Андрюха инстинктивно пригнулся и ступил на порог комнаты.
— За то, что перепутал его с эшником, — прошептал он, — это, конечно, извини. Но ей точно было восемнадцать, малолеток в этот бар не пускают. А выглядела она на все двадцать… — Андрюха почесал подбородок — два. Да он просто сапог отбитый, ну?
Я отвернулся к окну и не ответил. Андрюха, воспользовавшись моментом, присел на краешек дивана.
— В конце концов, если бы ты не привёл ко мне Димарика…
Я обернулся и скорчил злобную гримасу.
— Ладно-ладно, не прав, всё норм, — Андрюха поднял полусогнутые руки вверх, — Ну так что, поможешь Юрьичу?
— Деньги верни!
Андрюха расстегнул потёртую кожаную куртку и со сложным выражением лица порылся во внутреннем кармане. Выудив оттуда кучу бумаг, он кинул их на диван, отложил в сторону паспорт, скомкал невероятно длинный чек… Секунду подумав, горе-товарищ отогнул заднюю корочку паспорта, просиял и достал оттуда сложенные пополам купюры.
— На, две тысячи. Тебе не жалко, — Андрюха нагнулся вперёд и протянул мне руку с зажатыми между пальцами бумажками.
Я приподнялся с кресла и что есть силы дёрнул его за запястье. Андрюха полетел с дивана и впечатался мордой в ножку стула. Коротко вскрикнув, он выронил купюры и зажал руками лицо.
В стену раздражённо постучали. Я поднял деньги с пола.
— Вот теперь помогу.
Андрюха перевернулся на спину и сел:
— Идиот, я же мог глаз себе выбить!
— А я сотрясение получил из-за твоего папашки-мстителя! И на губу пять швов! Говори давай, что там с Юрьичем?

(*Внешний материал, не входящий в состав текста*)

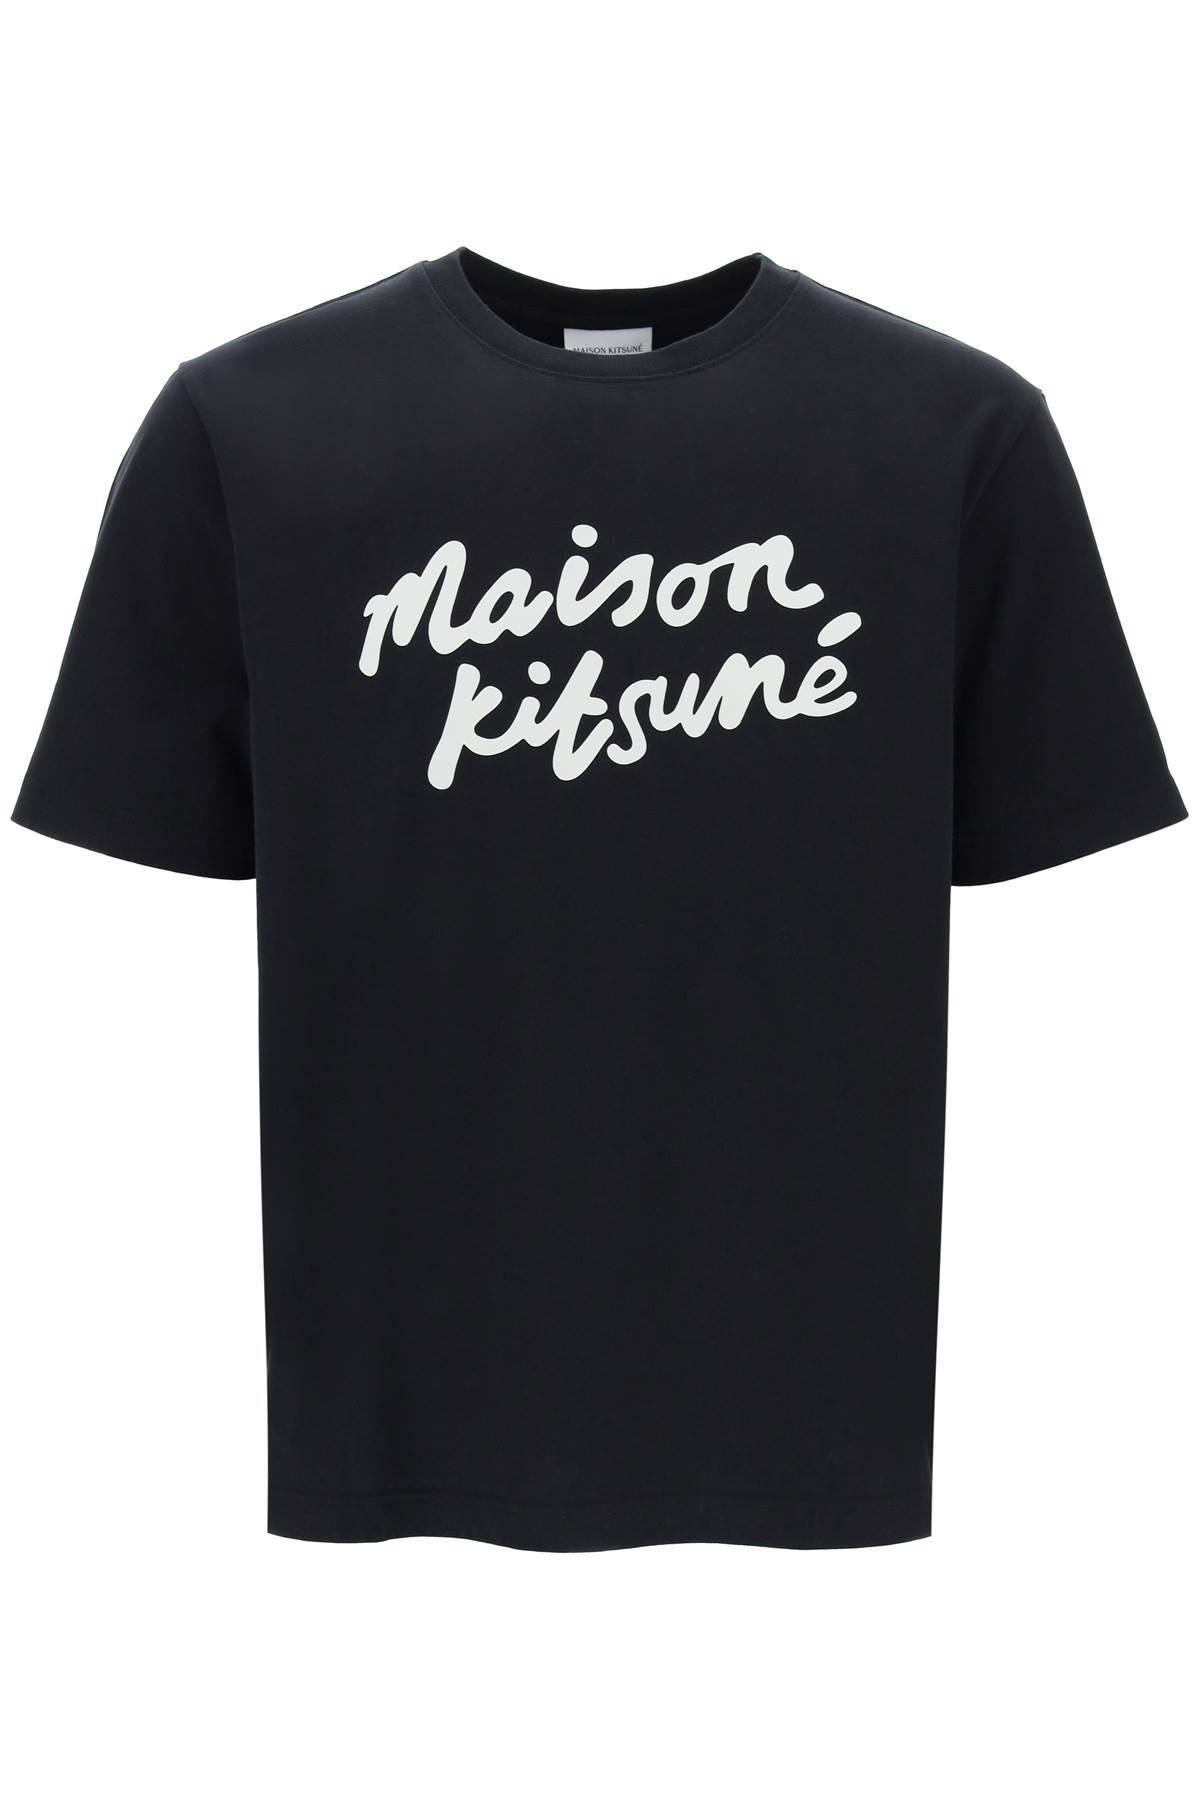 Maison Kitsuné MAISON KITSUNE t-shirt with logo in handwriting

— Справедливо… — отметил Андрюха больше сам для себя, — Короче, пропал Юрьич. Не знаю уж, что там у него: обострение, депрессия, состояние потока, но канал вести некому. Сам я не тяну, а ты ломаешься, как девка…
Андрюха потёр шишку чуть выше брови и покосился в мою сторону:
— В общем, загибается проект, а там уже пятнадцать тысяч подписчиков.
— Где он живет, знаешь? — я окинул взглядом стол в поисках ключей.
— Да там же, в родительской хате. Родители, правда, умерли уже. Ну не мудрено, Юрьич уже старый, ему за полтос…
У соседей грохнула кастрюля. Ребёнок пронзительно закричал.
Женя, ну ты идиот, нет? Ты же её разбудил! Да я макарон разогреть хотел! Ну почему у тебя руки из жопы растут, она же не уснёт теперь!
— Поехали к нему домой, может, он там пухнет лежит уже неделю. Всё равно в этой конуре невозможно находиться, — я отыскал под распечатками на столе ключи и пошёл обуваться.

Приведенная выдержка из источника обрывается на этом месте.